WHAT NEEDS TO BE DONE
For the listing below, print exactly the lines from the line with "Veysel's show" to the line with "Tiếng Gọi Từ", both included, and nothing beyond them.

DATA FOR REVIEW
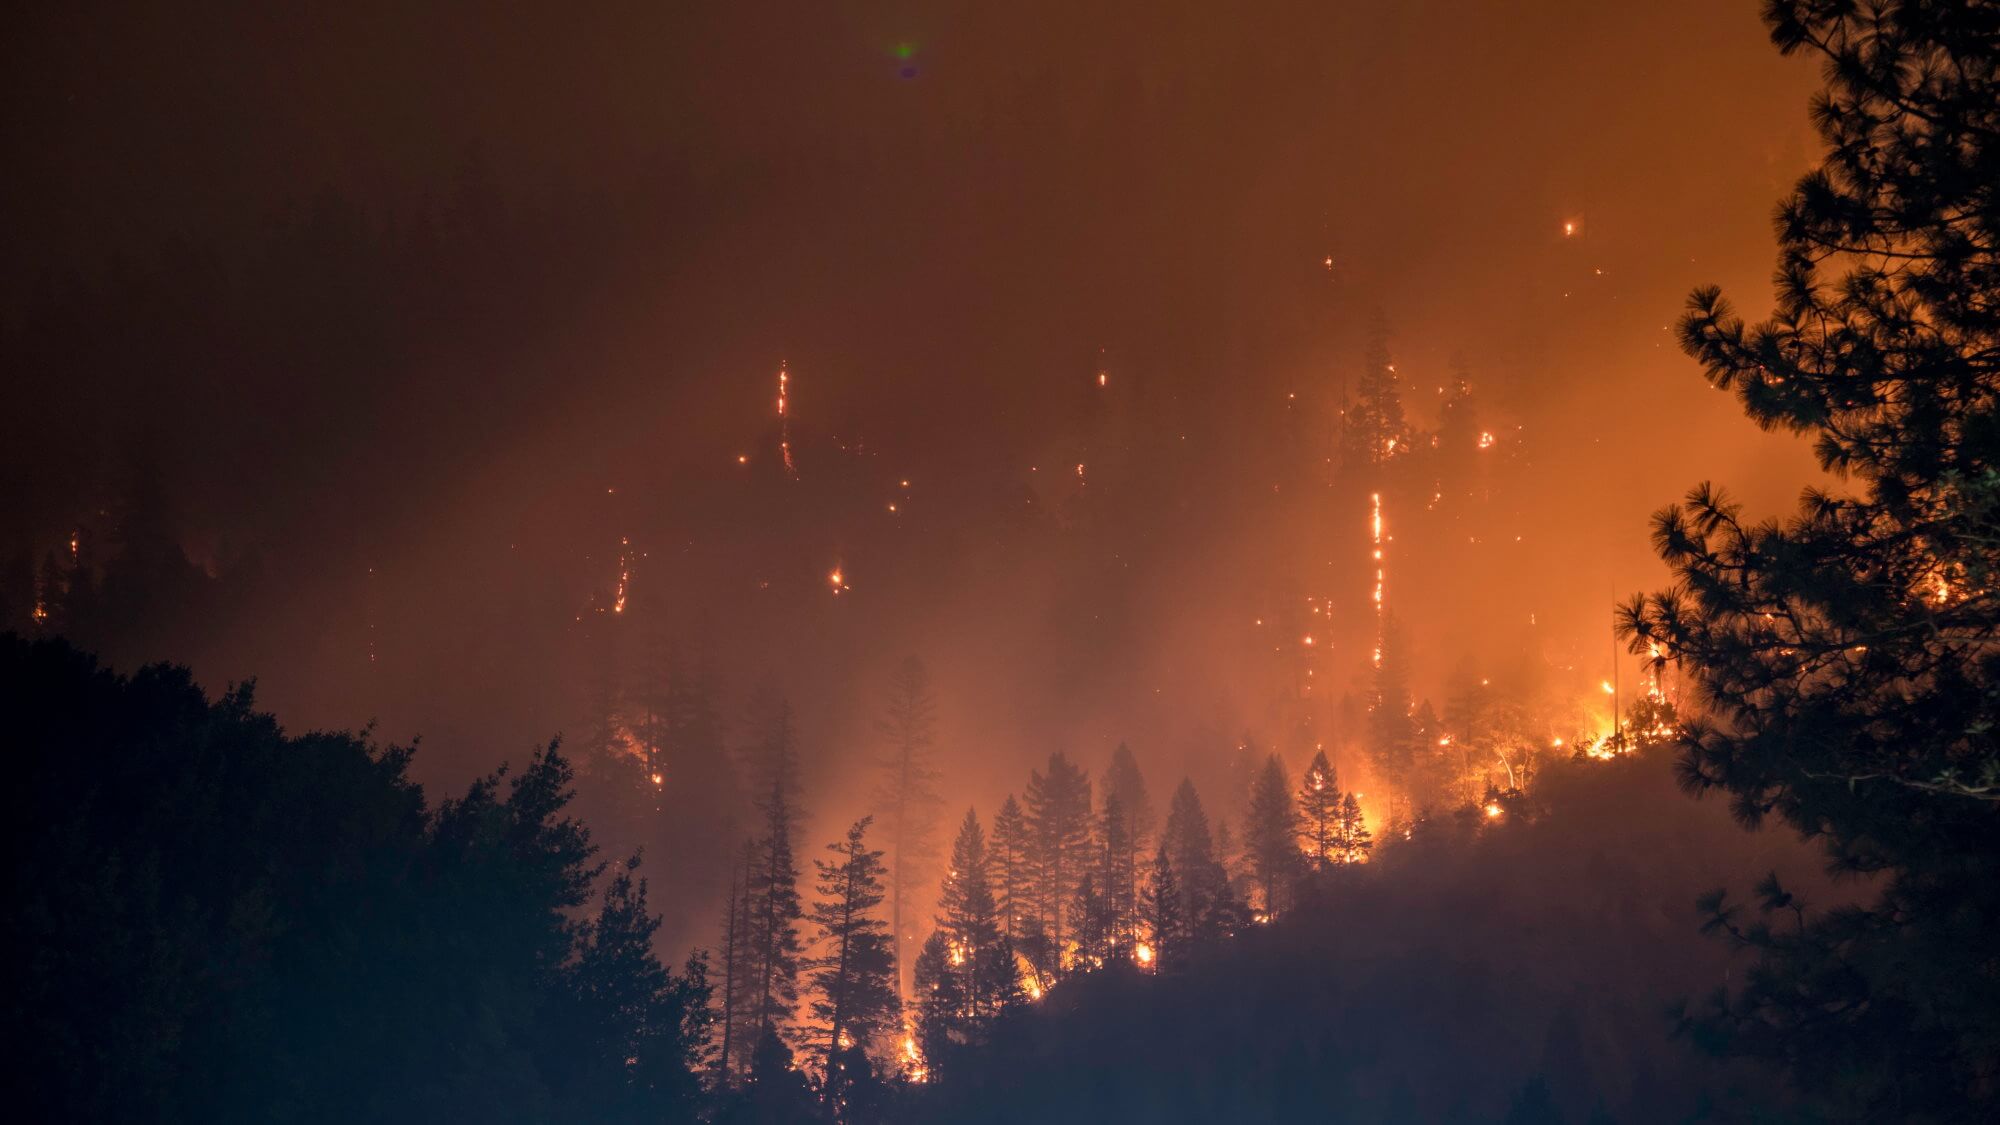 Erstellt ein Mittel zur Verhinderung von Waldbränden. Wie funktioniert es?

==

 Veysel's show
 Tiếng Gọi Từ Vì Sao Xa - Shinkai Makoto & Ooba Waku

* * *

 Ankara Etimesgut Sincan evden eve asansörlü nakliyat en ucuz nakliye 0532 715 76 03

SOLUTION TO THIS EXERCISE
 Veysel's show
 Tiếng Gọi Từ Vì Sao Xa - Shinkai Makoto & Ooba Waku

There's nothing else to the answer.